Because the postulate says that light always travels at 1.0c!

Sorry I thought I had posted that formula anyways they gave me very little to work with.

They gave you everything you need. If one clock runs at 1/2 the rate of another, then it takes twice as long for the first clock to register the same amount of time. Say the "slow clock" ticks off t0 seconds. Then the "fast clock" ticks off 2t0 seconds (twice as many). The two times are related by the formula you posted, and the only unknown is the speed of the slow clock, which is what they ask for.

Originally posted by Tom

Because the postulate says that light always travels at 1.0c!

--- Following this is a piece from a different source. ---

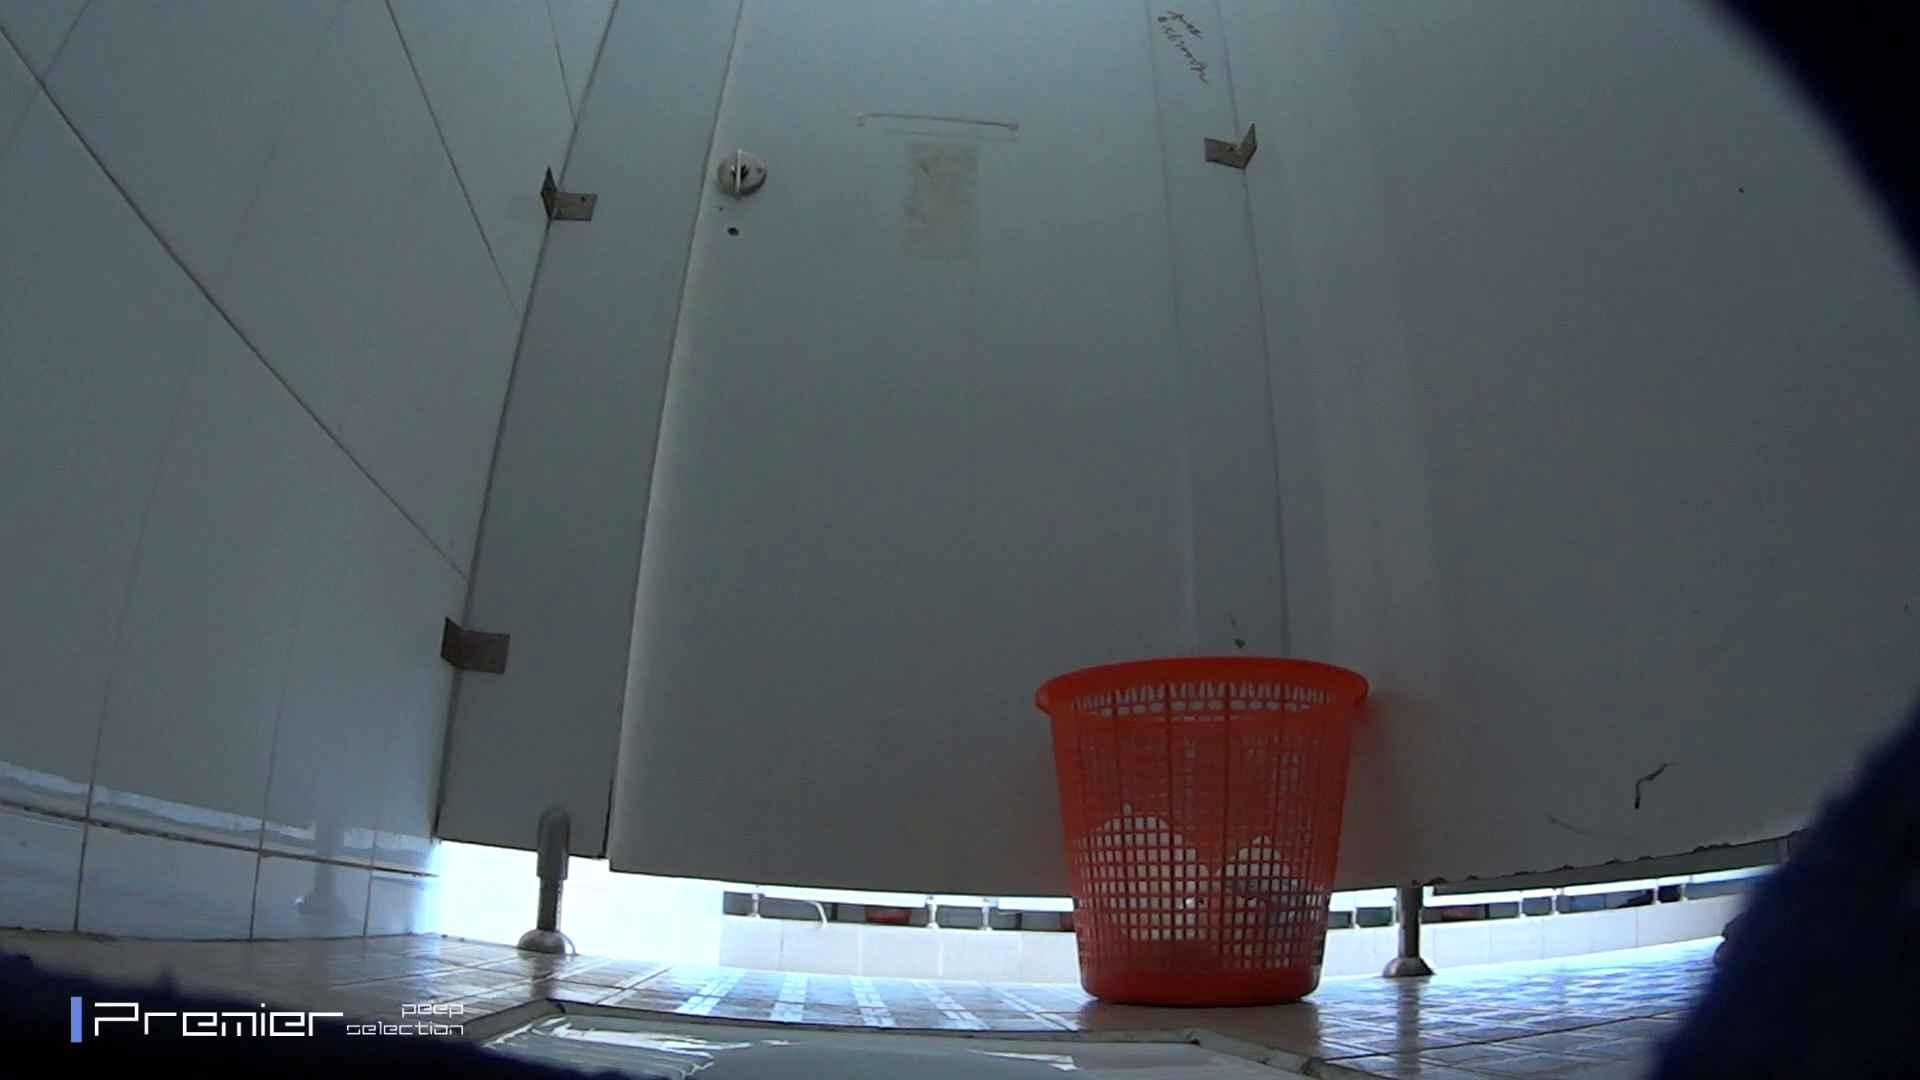 アジアンビューティー達の聖水 大学休憩時間の洗面所事情24 盗撮 おまんこ動画流出 67PIX 27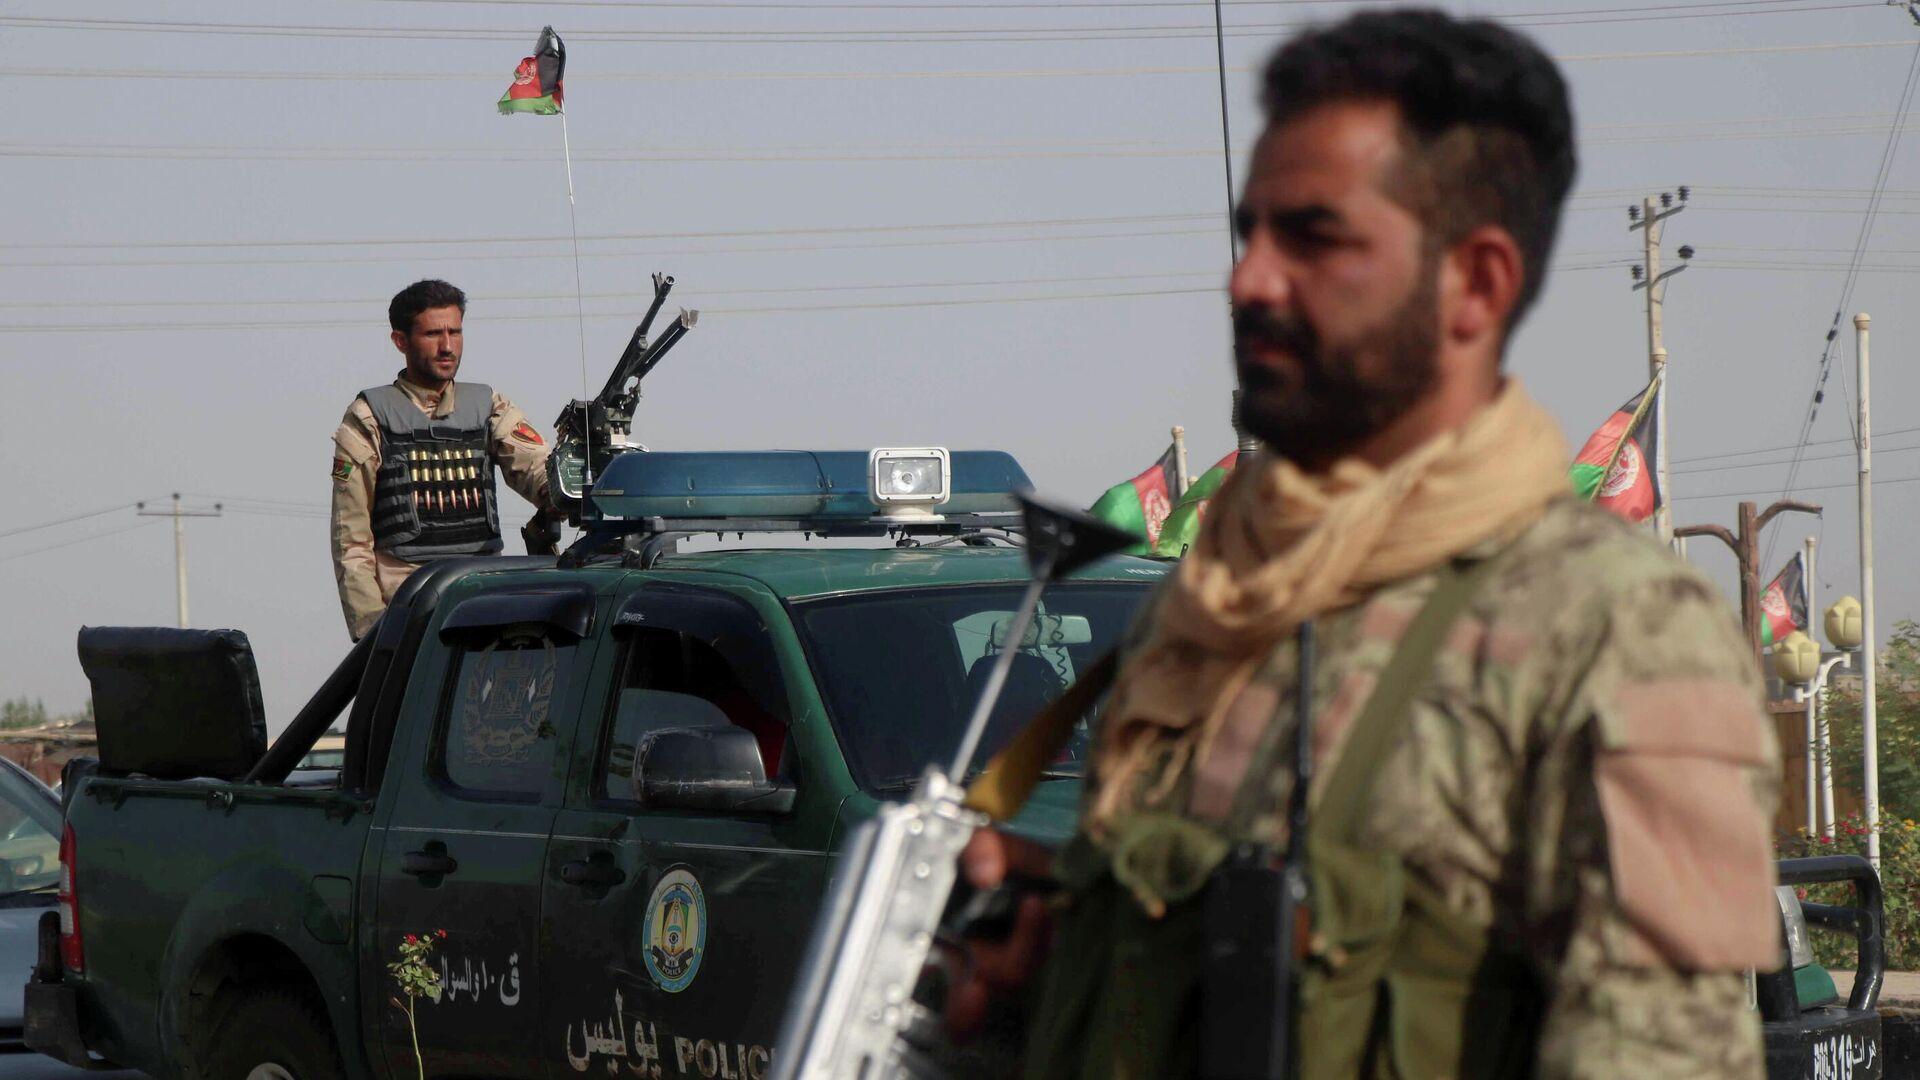 Las fuerzas de seguridad afganas vigilan un puesto de control en el distrito de Guzara de la provincia de Herat, Afganistán, el 9 de julio de 2021 - Sputnik Mundo, 1920, 16.07.2021

They gave you everything you need. If one clock runs at 1/2 the rate of another, then it takes twice as long for the first clock to register the same amount of time. Say the "slow clock" ticks off t0 seconds. Then the "fast clock" ticks off 2t0 seconds (twice as many). The two times are related by the formula you posted, and the only unknown is the speed of the slow clock, which is what they ask for.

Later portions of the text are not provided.